Indian consumers are becoming significantly more conscious about what enters their kitchens. Across urban markets, conversations around preservatives, ultra-processed foods, ingredient transparency, nutritional density, and clean-label consumption are moving from niche wellness communities into mainstream household decision-making. This shift is forcing food brands to rethink not only product formulation, but also trust, freshness, and customer experience itself.

At the same time, modern consumers are increasingly questioning the long-standing industrial logic of packaged staples. In categories such as atta, where products are consumed daily across millions of homes, convenience and shelf-life optimization have historically taken precedence over freshness and nutritional integrity. However, growing awareness around health outcomes and ingredient quality is beginning to reshape expectations around what “everyday food” should deliver.

The rise of clean-label food customer trust reflects a broader transformation underway across India’s food ecosystem. Consumers no longer evaluate brands solely on price or taste. They increasingly expect transparency, traceability, nutritional accountability, and authenticity — particularly in categories directly linked to family health and long-term wellness. In that environment, brands capable of combining traditional food wisdom with operational innovation may gain a powerful competitive advantage.


Ashish Bajaj, CEO and Co-Founder of 10on10 Foods

In this CXQuest interview, we speak with Ashish Bajaj, CEO and Co-Founder of 10on10 Foods, a Bengaluru-based food-tech company focused on rebuilding India’s staples category through freshness, nutritional integrity, and transparent sourcing practices.

Before launching 10on10 Foods alongside co-founders Avinash Jain and Mohsin Ali, Ashish built an extensive career across some of India’s leading organizations including Narayana Health, MediBuddy, Ola, Microsoft, and GroupM. Widely recognized for his work across marketing transformation, digital strategy, and consumer engagement, Ashish brings a combination of brand-building expertise and health-focused entrepreneurial vision to the food sector.
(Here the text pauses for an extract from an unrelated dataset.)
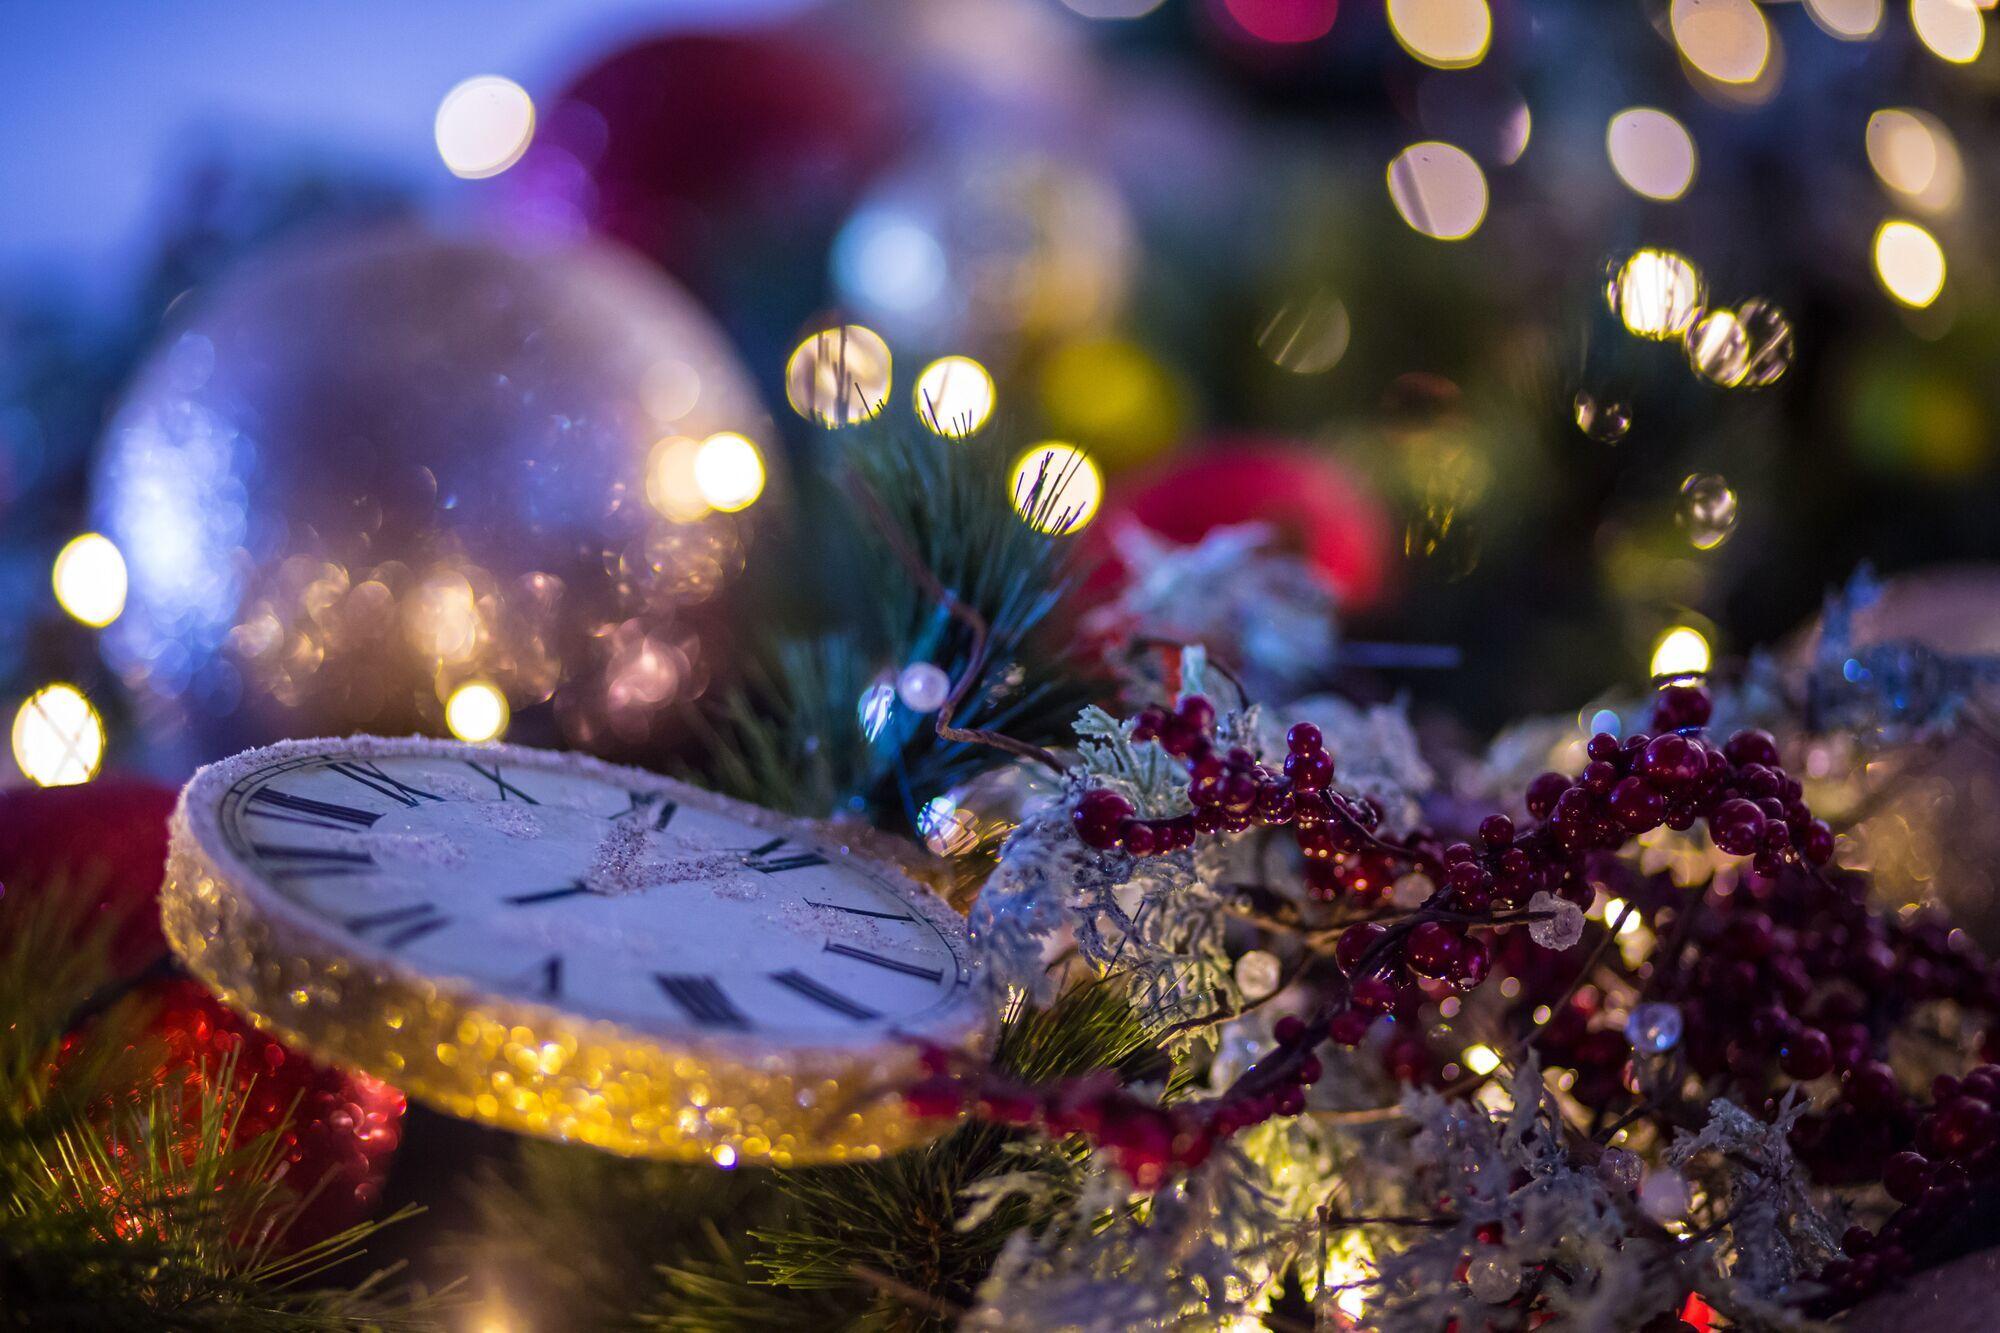 Новый год, 1 января 2021 года, выпадает на пятницу

The discussion explores how consumer expectations around food are evolving, why freshness may become a defining differentiator in staples consumption, how transparency builds customer trust, and what it takes to create meaningful customer experiences in India’s highly competitive FMCG environment.


The Clean-label Movement

Q1. The clean-label movement is growing rapidly in India. What deeper consumer behavior shifts are driving this transformation beyond simple health trends?
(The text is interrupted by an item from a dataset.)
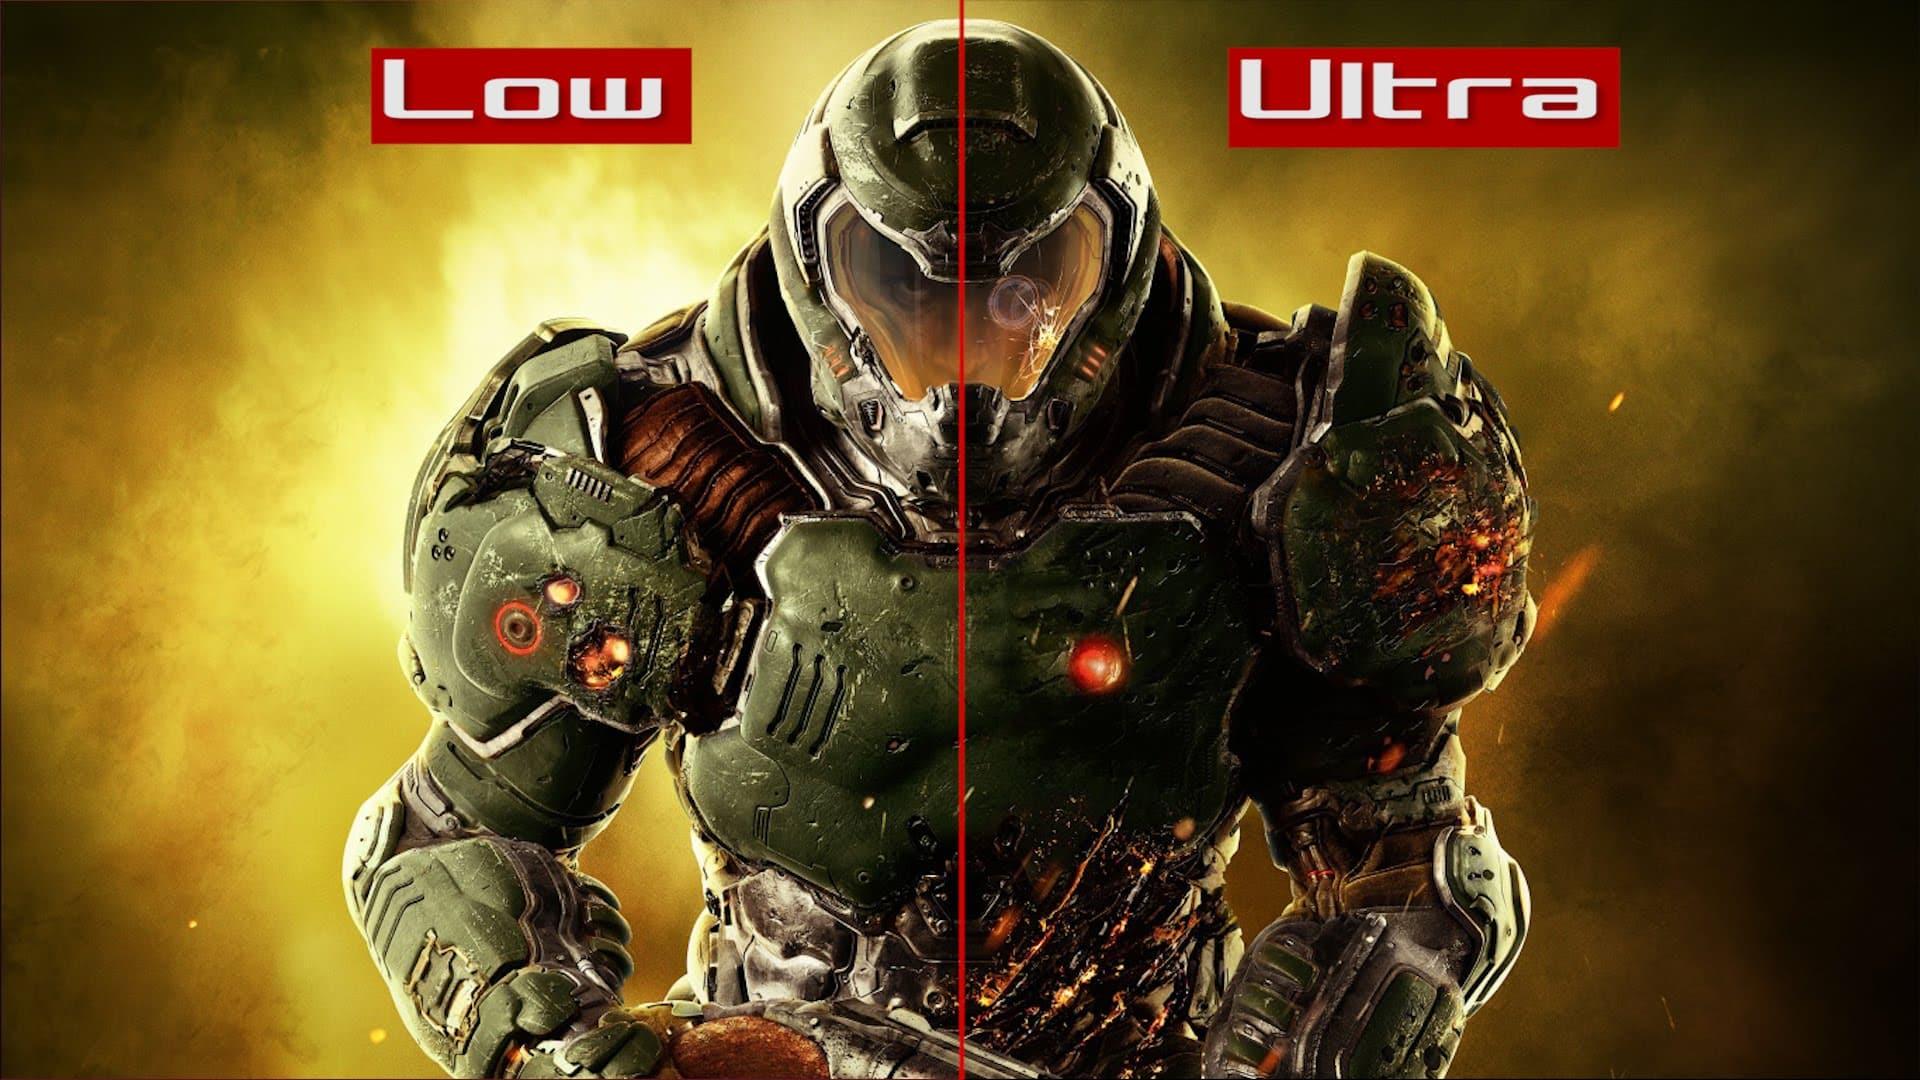 DOOM - PC Low vs Ultra - Confronto Impostazioni Grafiche

AB: Consumers today are moving from passive consumption to informed decision making. Earlier, people largely trusted what was written on the front of the pack. Today, they are reading ingredient labels, comparing nutritional values, and questioning how products are made. This shift is being driven by rising awareness around lifestyle-related health issues such as diabetes, obesity, and digestive disorders.

What is particularly interesting is that consumers are no longer looking for niche “health foods” alone. They want everyday staples like atta, breakfast foods, and snacks to deliver better nutrition without compromising on taste or convenience. The clean label movement is therefore less about following a trend and more about a fundamental re-evaluation of what families consume every day.

Q2. You’ve said that India doesn’t have a staples problem but a freshness problem. What led you to that conclusion, and why has the industry overlooked it for so long?

AB: For generations, Indian households consumed freshly ground atta from their neighbourhood chakki. People instinctively understood that fresher flour retained better taste, aroma, and nutrition. As urban lifestyles evolved, convenience became the priority, and packaged staples became the norm.

The challenge is that in order to maximize shelf life and support large-scale distribution, many products became increasingly processed. While they offered convenience, they often moved further away from the nutritional quality consumers were accustomed to. That is why we believe India does not have a staples problem, it has a freshness problem. Consumers still consume atta every day, but the quality of what they consume has changed significantly over time.

Trust in Food Categories

Q3. Trust is becoming increasingly important in food categories. How is 10on10 Foods building and measuring clean-label food customer trust operationally?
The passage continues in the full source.